What you have to do -
Give back an exact copy of the listing that follows, without the pictures.

Supplied data -
--------------------------------------------------

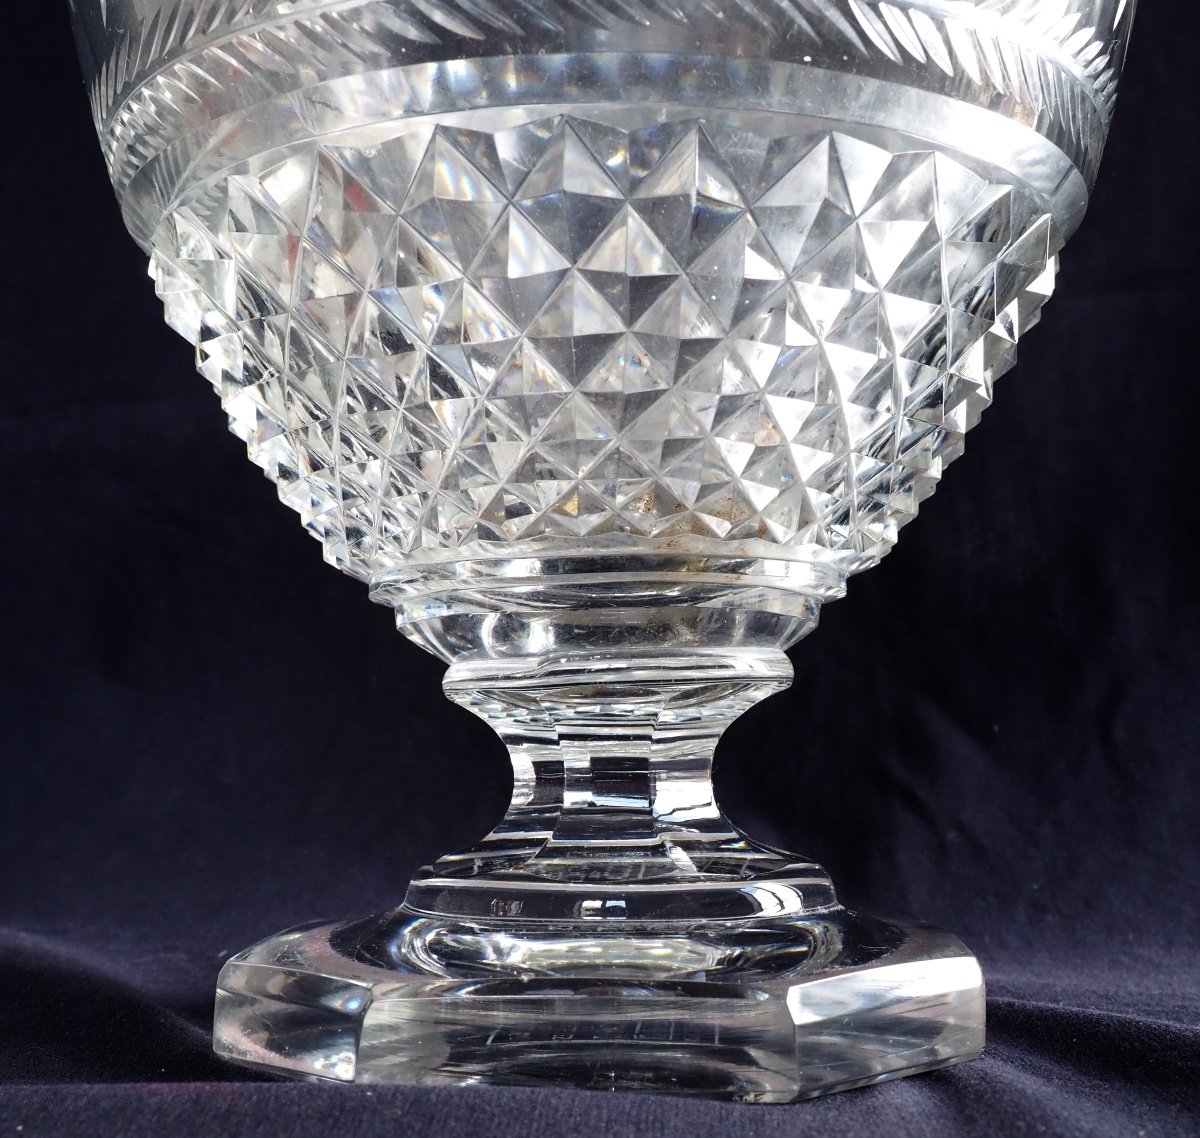 Grand Vase En Cristal De Baccarat De Style Charles X Finement Taillé, Cachet Du Musée-photo-2
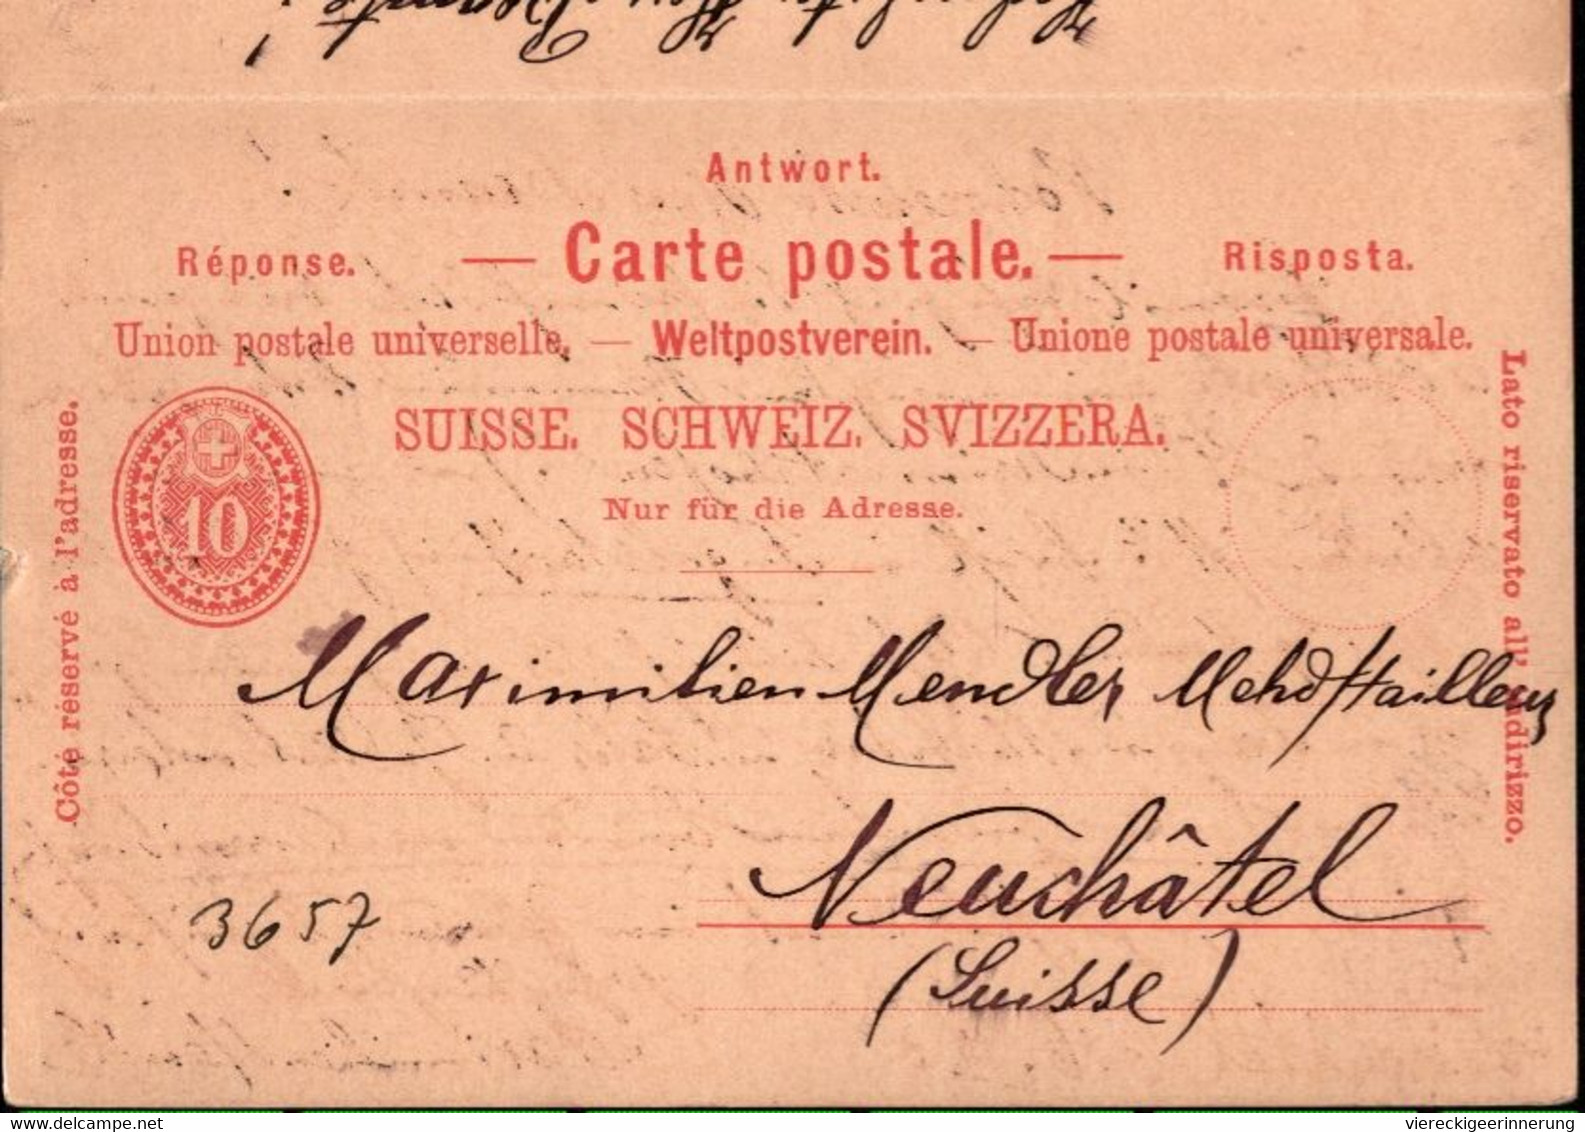 ! Lot von 14 Ganzsachen aus der Schweiz, 1880-1923
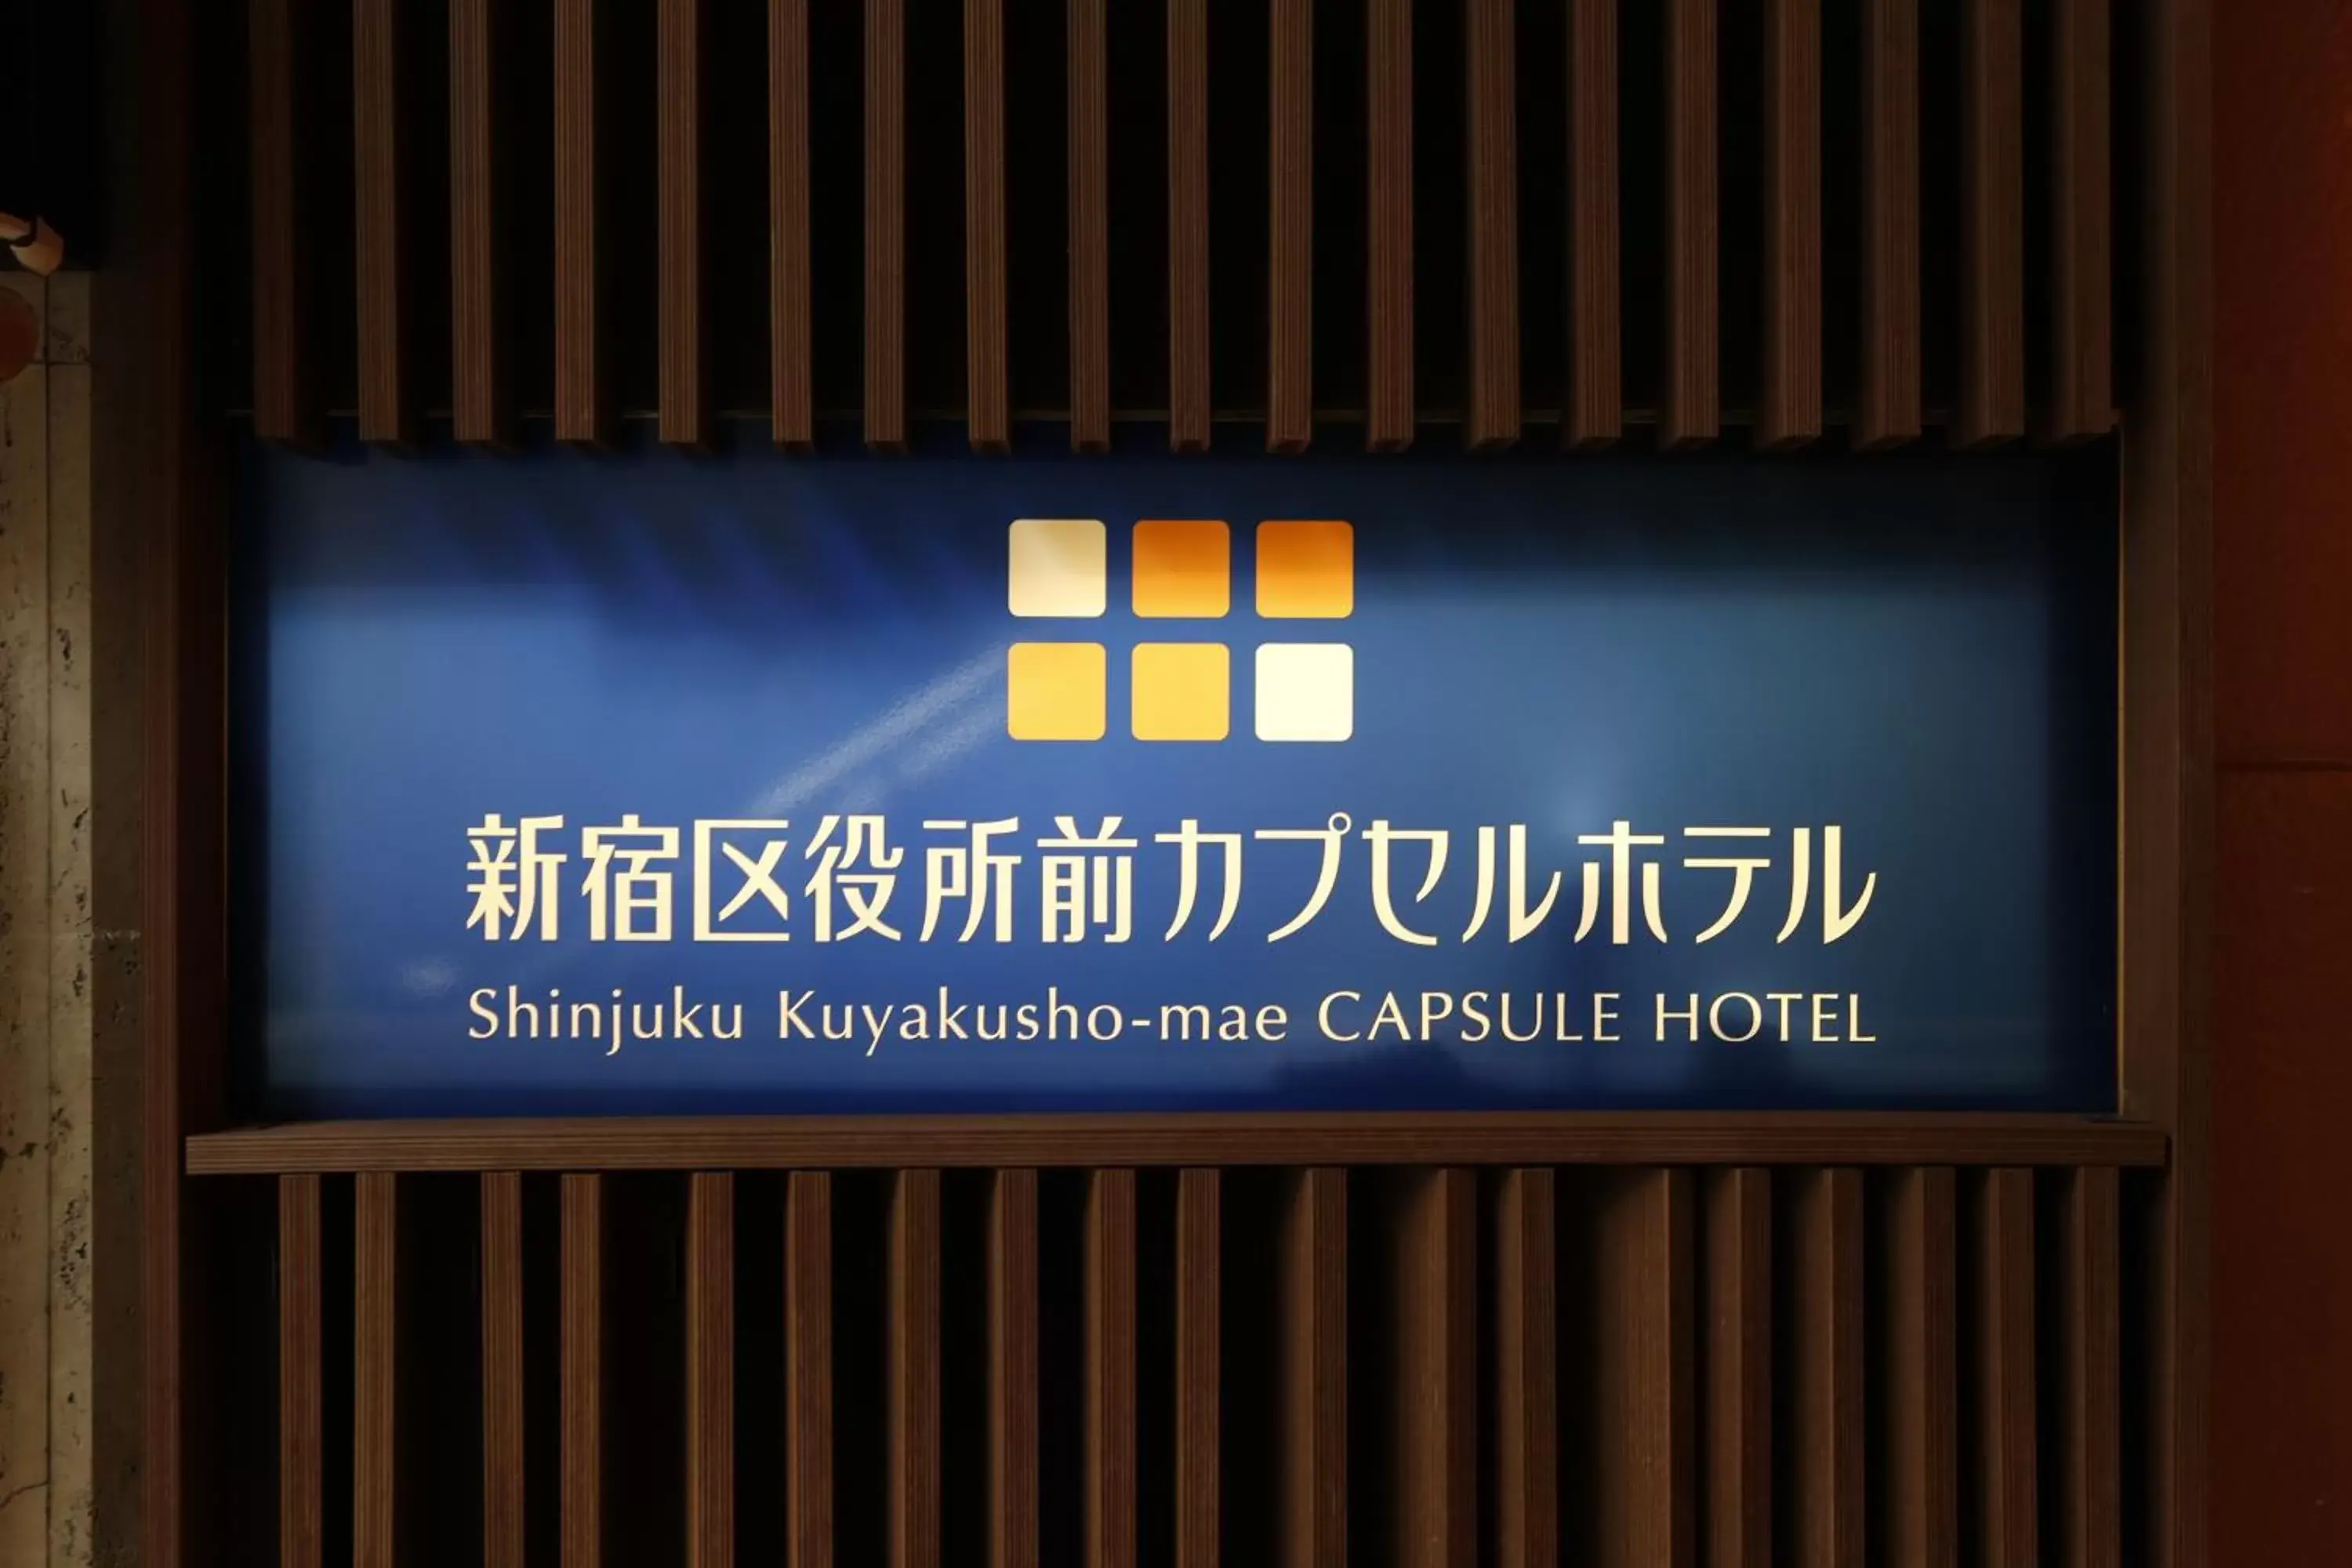 Property logo or sign in Shinjuku Kuyakusho-mae Capsule Hotel

--------------------------------------------------

Reply -
 Grand Vase En Cristal De Baccarat De Style Charles X Finement Taillé, Cachet Du Musée-photo-2
 ! Lot von 14 Ganzsachen aus der Schweiz, 1880-1923
 Property logo or sign in Shinjuku Kuyakusho-mae Capsule Hotel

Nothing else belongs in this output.